В последнее время Алексей Петрович становился все более подозрительным и прямо чувствовал слежку и то, как сгущаются тучи над головой. Канцлер понимал, что ему нужно сделать нечто, что перевернет отношение Петра Третьего к нему. В том числе для поиска этого «нечто» он и встречался с английским послом. Бестужев хотел понять мысли и желания англичан, чтобы выстроить правильную позицию России. Однако, как уже убедился многоопытный канцлер, все тщетно, и бритты уже сделали выбор, принуждая Россию быть сторонним наблюдателем нарастающего конфликта в Европе.
Но Англия не знает Россию так, как ее чувствует Бестужев. Это кого-то рационализм и большие деньги могут остановить или заставить изменить свое мнение. Русь не такая, она чаще живет чувствами, главные из которых в данной ситуации чувство справедливости и верность обязательствам.

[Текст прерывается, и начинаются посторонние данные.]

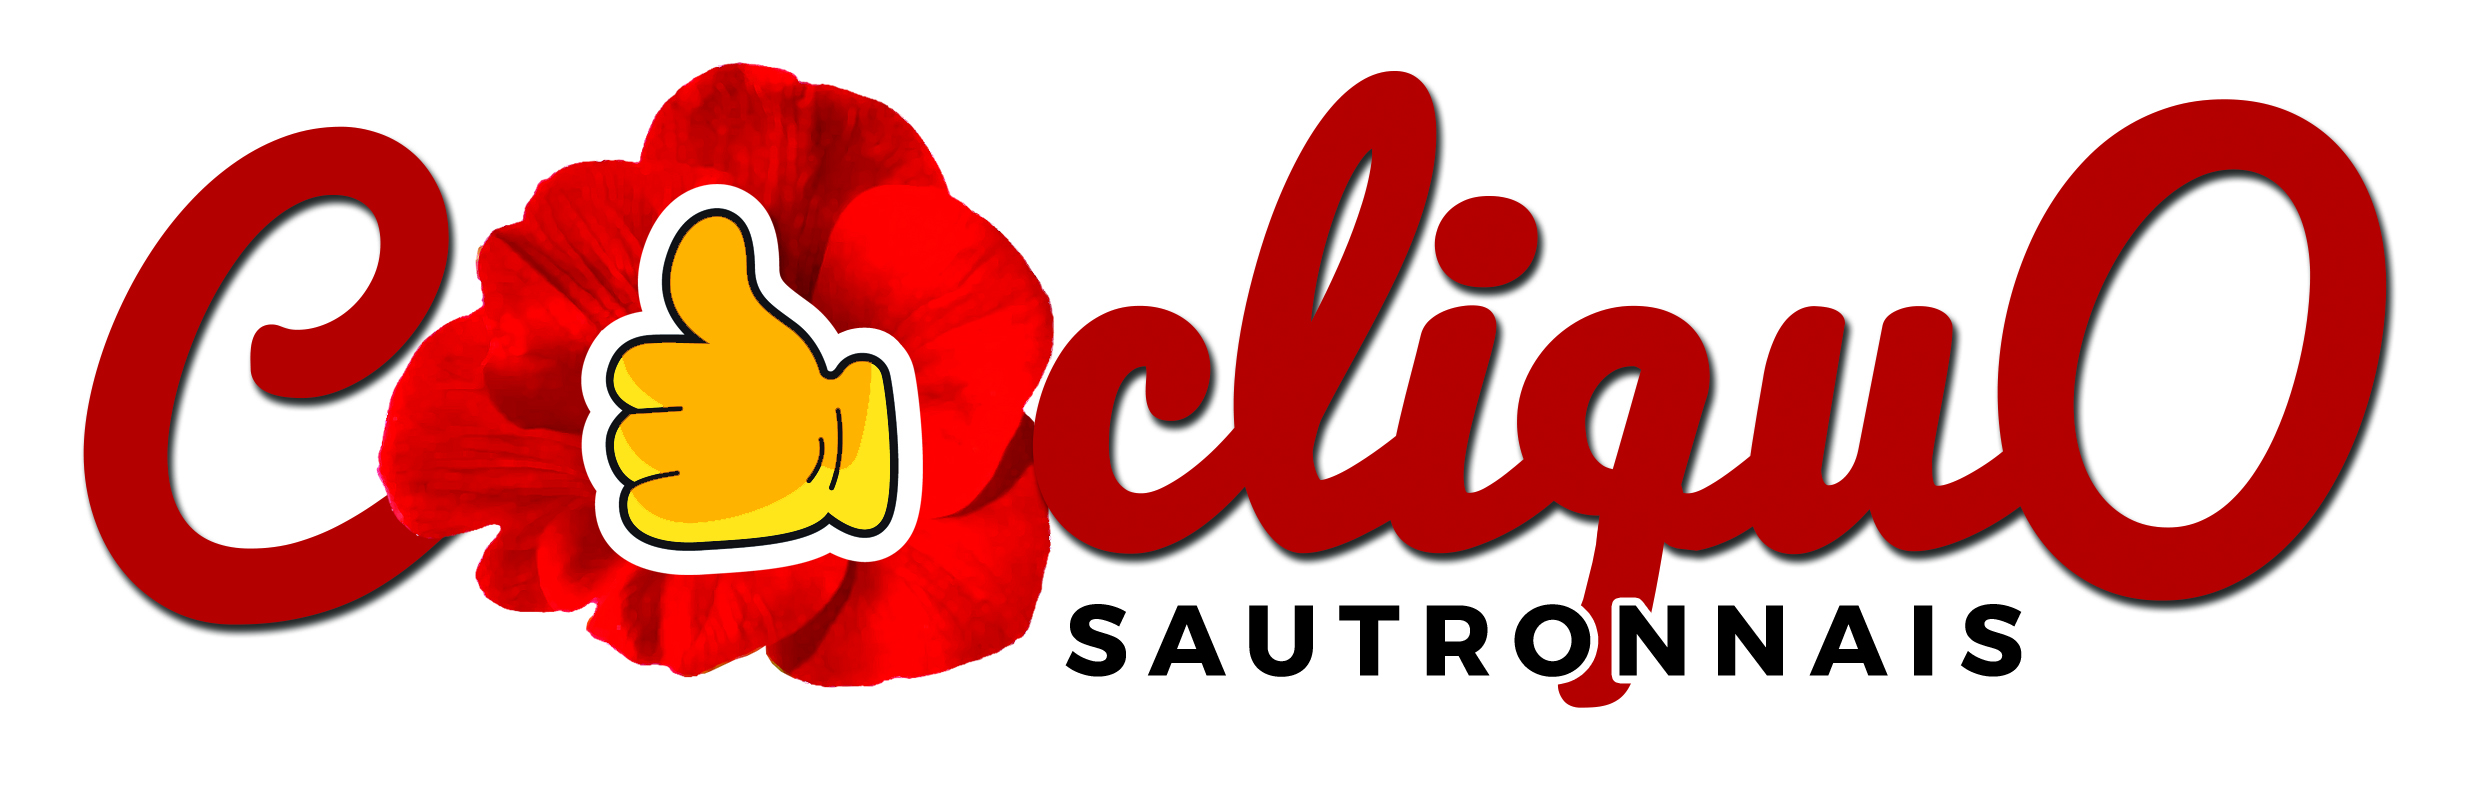 COCLIQUO logo Sautron.jpg

— Господин Диккенс, и все же, как Вы представляете себе положение дел в Европе при столь противоречивой системе альянсов? — спросил канцлер в надежде услышать что-нибудь, что помогло бы ему приукрасить обстановку при докладе императору.
— Да все очень просто, — отвечал английский посол. — Россия не вмешивается в европейские дела, и всем от этого просто и легко. Ну, скажите, мистер Бестужев, ну, разве нужна вам Австрия? Сколь ни кичится и ни пыжится австрийская императрица, но Россия в последней русско-турецкой войне была один на один с Османской империей. Австрия же только делала вид, что чем-то помогает. Так и Вы, господин канцлер, делаете вид, что помогаете, — сказал английский посол менторским тоном, словно наставлял нерадивого ученика.
Канцлеру подобное построение разговора не понравилось. При всей его любви к Англии, он был слишком честолюбивым человеком, чтобы позволять подобное пренебрежительное отношение к себе и к той державе, интересы которой он представлял.
— Господин Диккенс, так партнеры не должны поступать! Вы же ставите Россию в затруднительное положение. Разве может моя империя позволить Фридриху сокрушать мироустройство. Не так давно Россия показала свою силу, разбив французов при Берг-ап-Зоне, — сказал канцлер и чуть выпучил грудь вперед, готовясь противостоять любым доводам англичанина.
— Канцлер, Вы же не считаете, что английская миссия в России столь беззащитна, чтобы Вы, тот, который брал деньги, отчеканенные в Англии, могли вот так отказываться от сотрудничества с нами? Вы просто не имеете возможностей изменить русское отношение к английским деньгам. Ваша империя погрязнет в потрясениях из-за нехватки серебра на государственные нужды. Большего торгового партнера, чем моя страна, у Вас попросту нет.
Бестужев задумался. Все английское ему нравилось: и хитрость, и изворотливость, и, до последнего времени, последовательность политики. Англия была той державой, которая уже в ближайшее время способна была стать мировым гегемоном.